However, when these platforms are applied to enterprise production environments with strict fault tolerance requirements, complex state transitions, and high customization needs, their inherent architectural shortcomings are exposed. Low-code orchestration platforms perform excellently when handling simple linear automation tasks, but when facing real non-linear intelligent business logic, they often encounter the following fatal bottlenecks:

First, as business logic complexity increases, the visual canvas rapidly degenerates into unmaintainable "visual spaghetti." Real agent workflows are often filled with exception handling, conditional branching, state rollback, and dynamic retry mechanisms. For example, when an agent fails to call an external billing interface, the system needs to decide whether to wait and retry, call a backup interface, or trigger manual approval interception based on different error codes.

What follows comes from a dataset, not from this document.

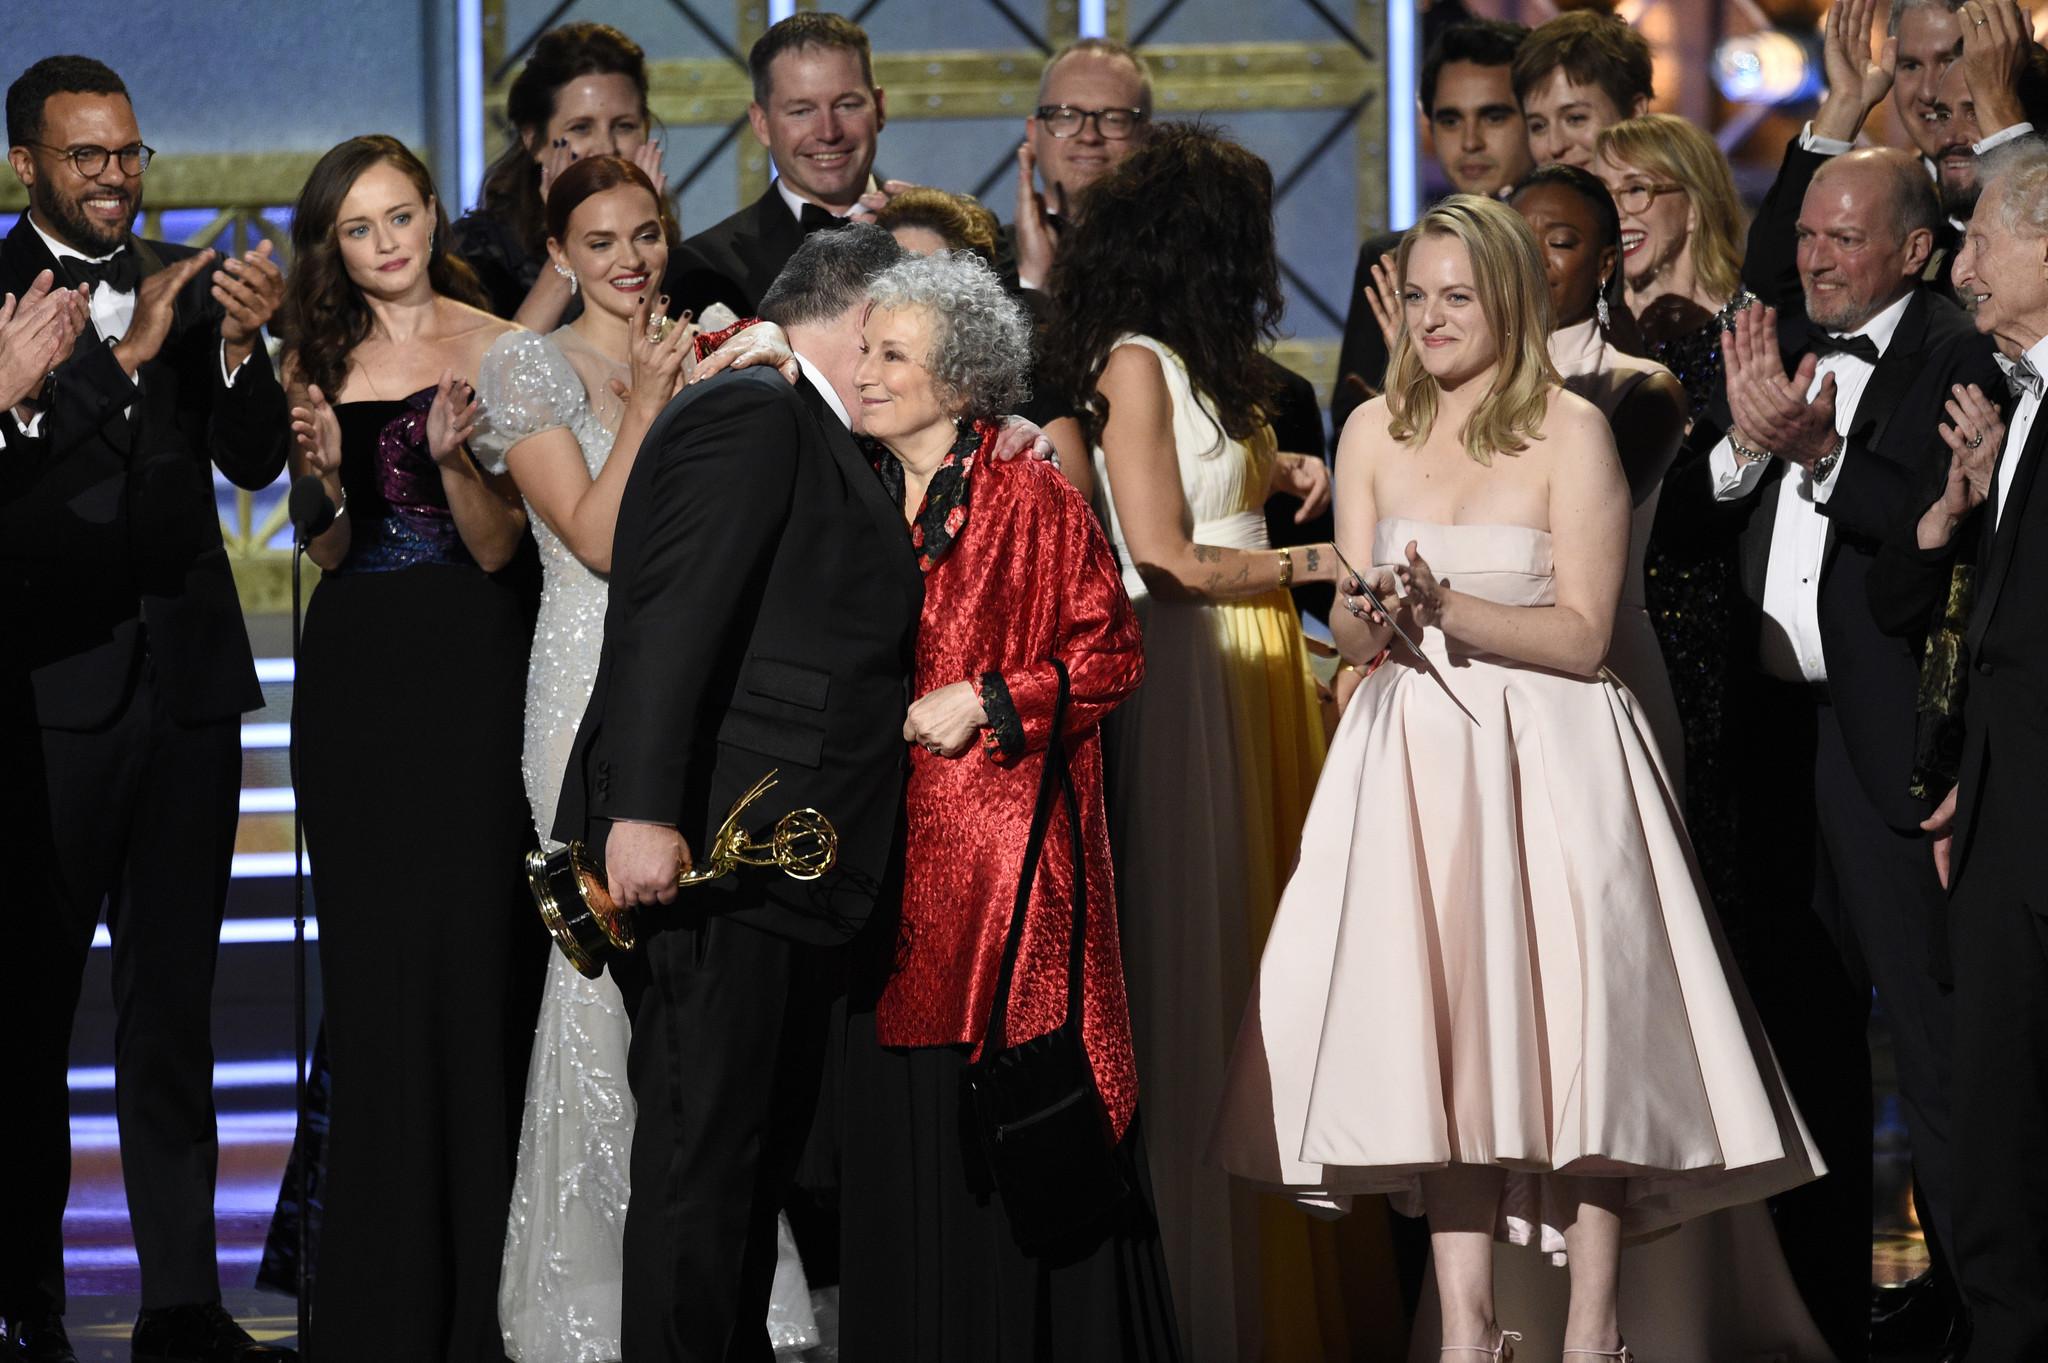 Emmys2017Thehandmaidstale

On low-code platforms, implementing this kind of multi-level nested dynamic control flow requires connecting a large number of conditional judgment nodes, which not only makes the workflow visually extremely chaotic but also makes subsequent modifications and version control of the logic exceptionally difficult. Furthermore, platforms usually have strict hard limits on execution node timeout periods (for example, limited to within ten minutes), which directly kills long-cycle agent tasks that require hours or even days of deep reasoning and information gathering.

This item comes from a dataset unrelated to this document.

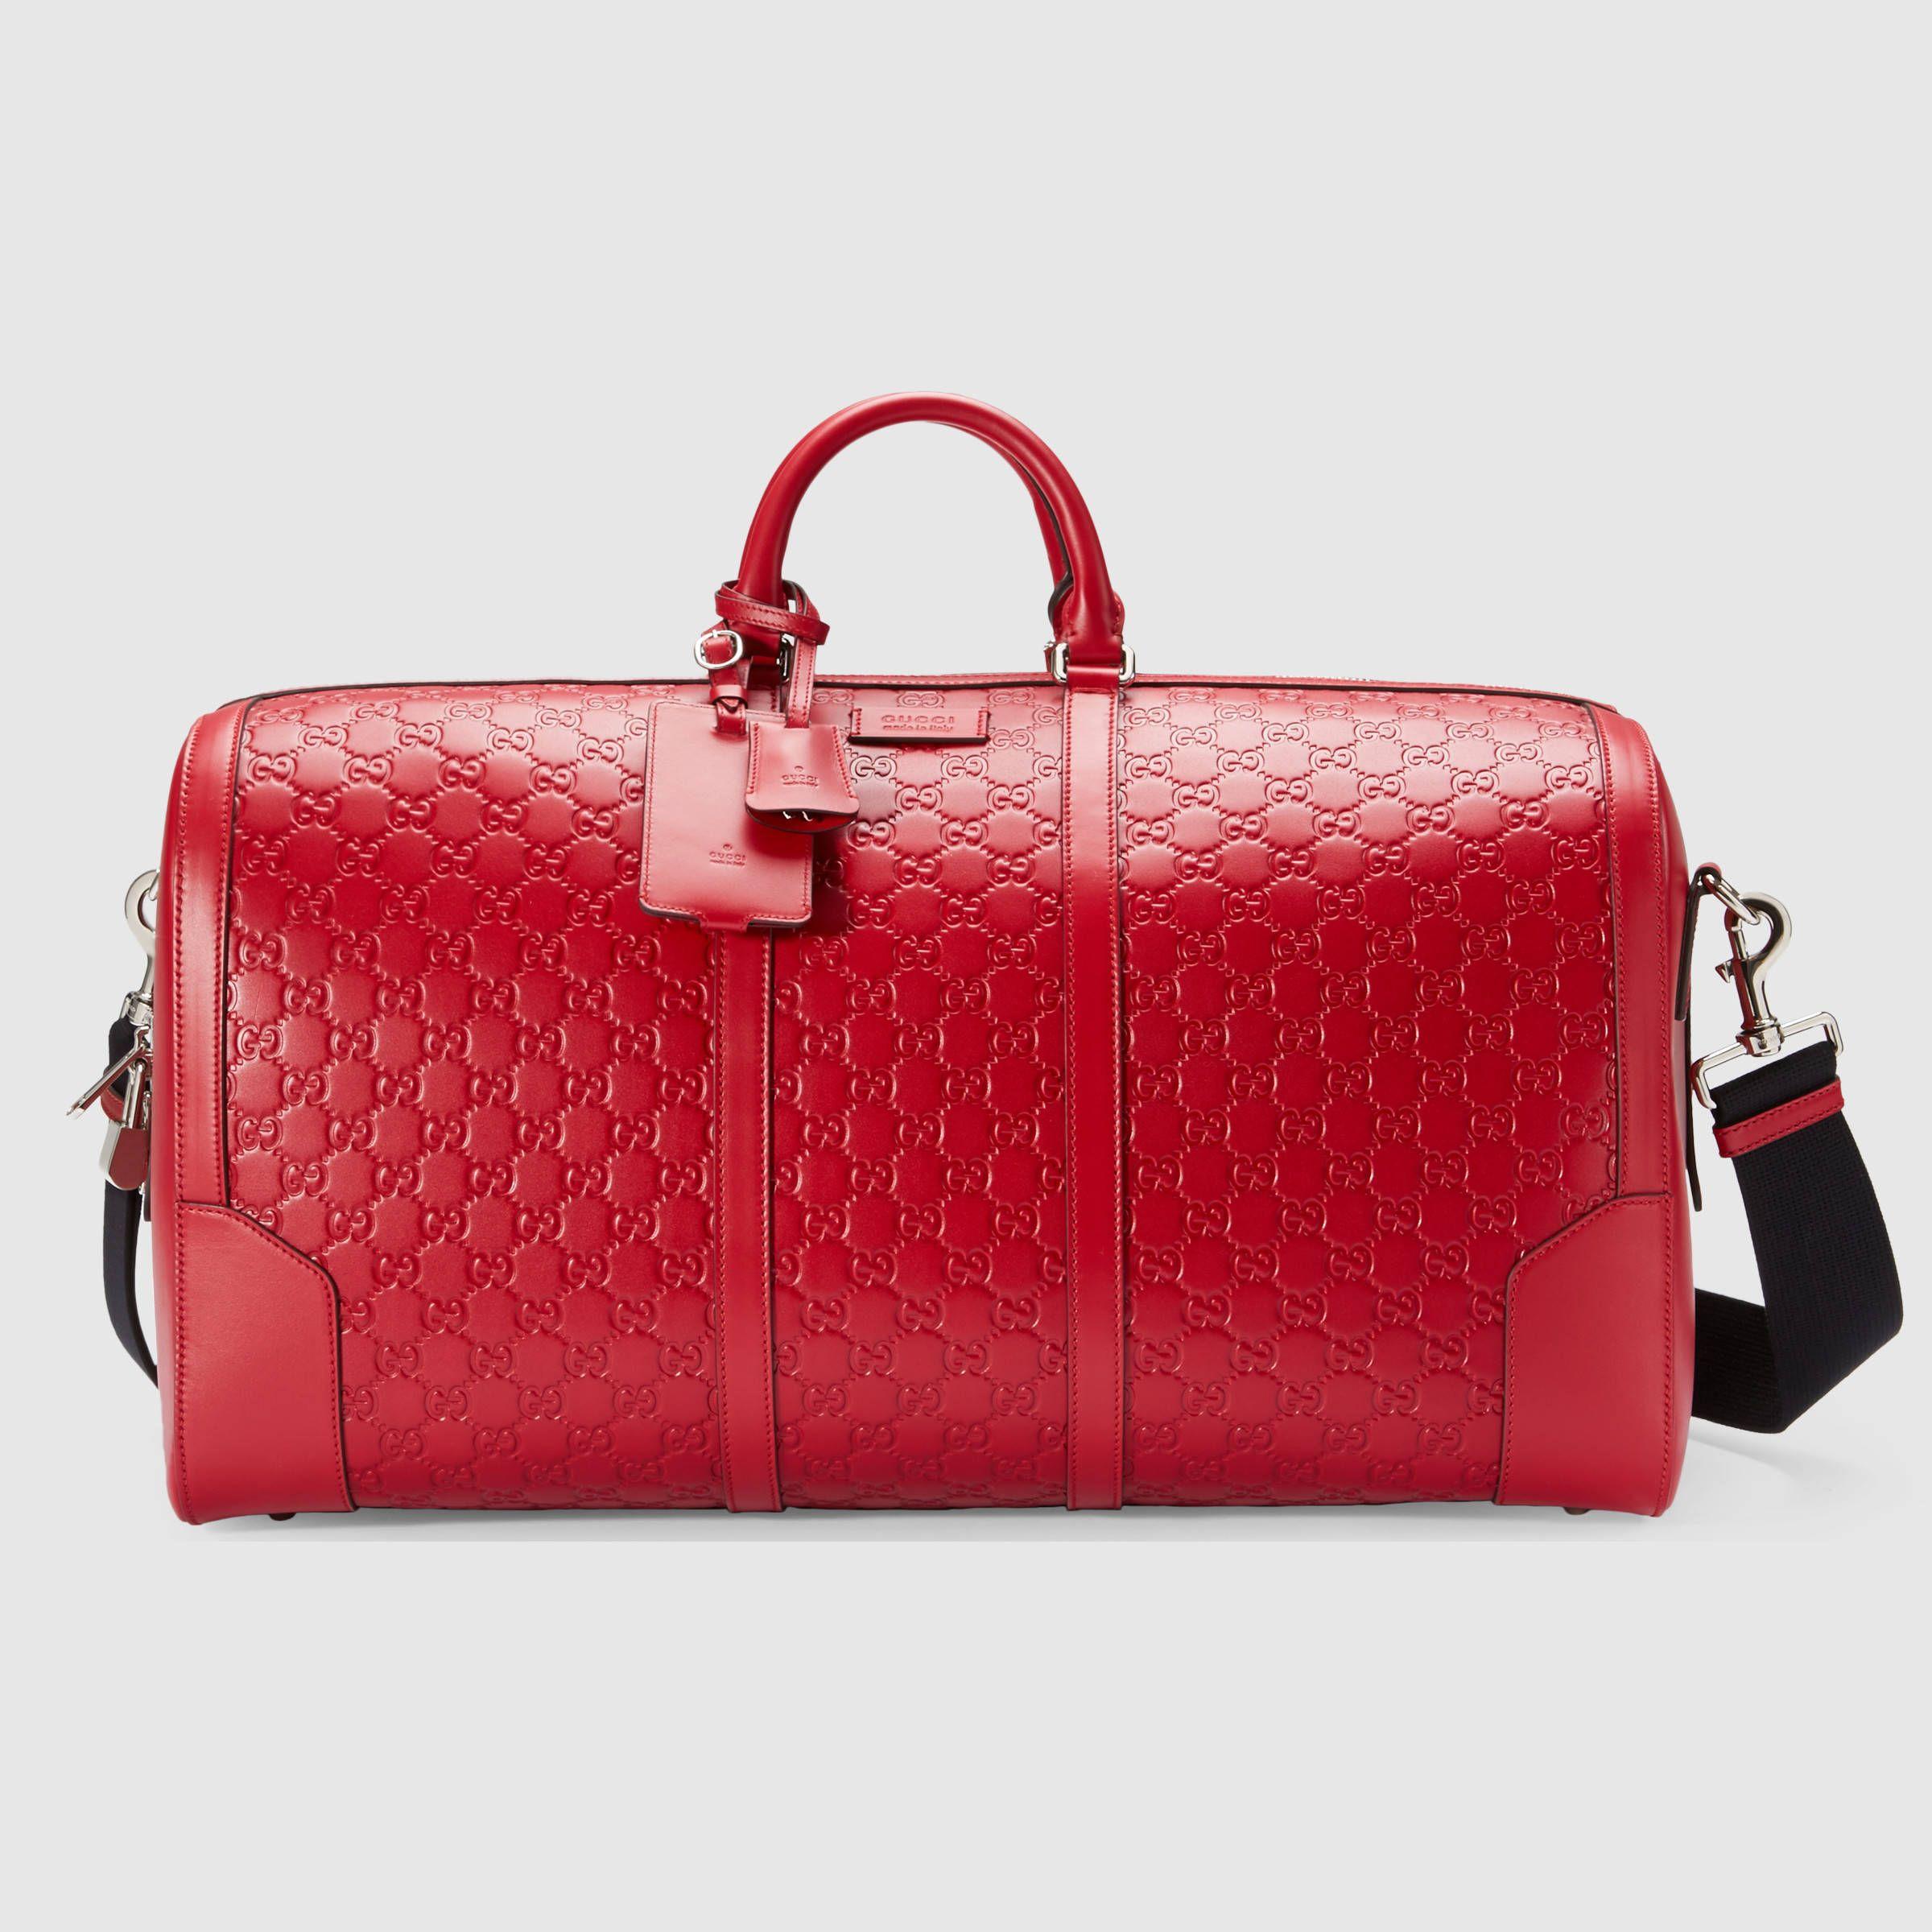 Gucci Signature Leather Duffle Leather Duffel Bag Leather Duffle Leather Duffle Bag

Second, the black-boxed execution engine leads to system-level debugging disasters. Low-code platforms deeply encapsulate underlying API interactions, context truncation strategies, and prompt assembly logic. For developers, the entire agent execution process is completely an invisible black box. Although some platforms provide isolated testing functionality for single nodes, they generally lack standard line-by-line breakpoint debugging, memory variable inspection, and execution call stack tracing capabilities found in modern integrated development environments. When a complex multi-agent workflow composed of dozens of nodes crashes at some intermediate stage, it is very difficult for developers to inspect the precise state tensor or dynamically generated prompt context at that moment, making fault attribution exceptionally difficult. As relevant empirical research points out, on low-code platforms, cascading failures caused by natural language interaction ambiguity often propagate implicitly between heterogeneous nodes, making system reliability verification an almost impossible task.

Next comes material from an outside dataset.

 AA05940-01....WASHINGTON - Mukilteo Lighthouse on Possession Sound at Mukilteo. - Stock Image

Third, closed ecosystems and customization extension barriers. Enterprise AI agents often need to be deeply integrated into legacy systems within the organization, which requires orchestration platforms to have extremely high protocol integration flexibility. Although low-code platforms provide rich pre-built connectors, when facing non-standard security authentication protocols or highly customized data processing needs, developers are often at their wits' end. Although platforms allow embedding small amounts of Python or JavaScript code snippets in specific nodes, this not only fails to change the fact that core scheduling logic is constrained by the platform engine, but also drags the platform into a difficult-to-maintain "high-code" quagmire. More critically, agent applications built based on platform-specific formats cannot seamlessly connect to enterprise-standard CI/CD pipelines, nor can they leverage professional distributed tracing infrastructure for performance profiling.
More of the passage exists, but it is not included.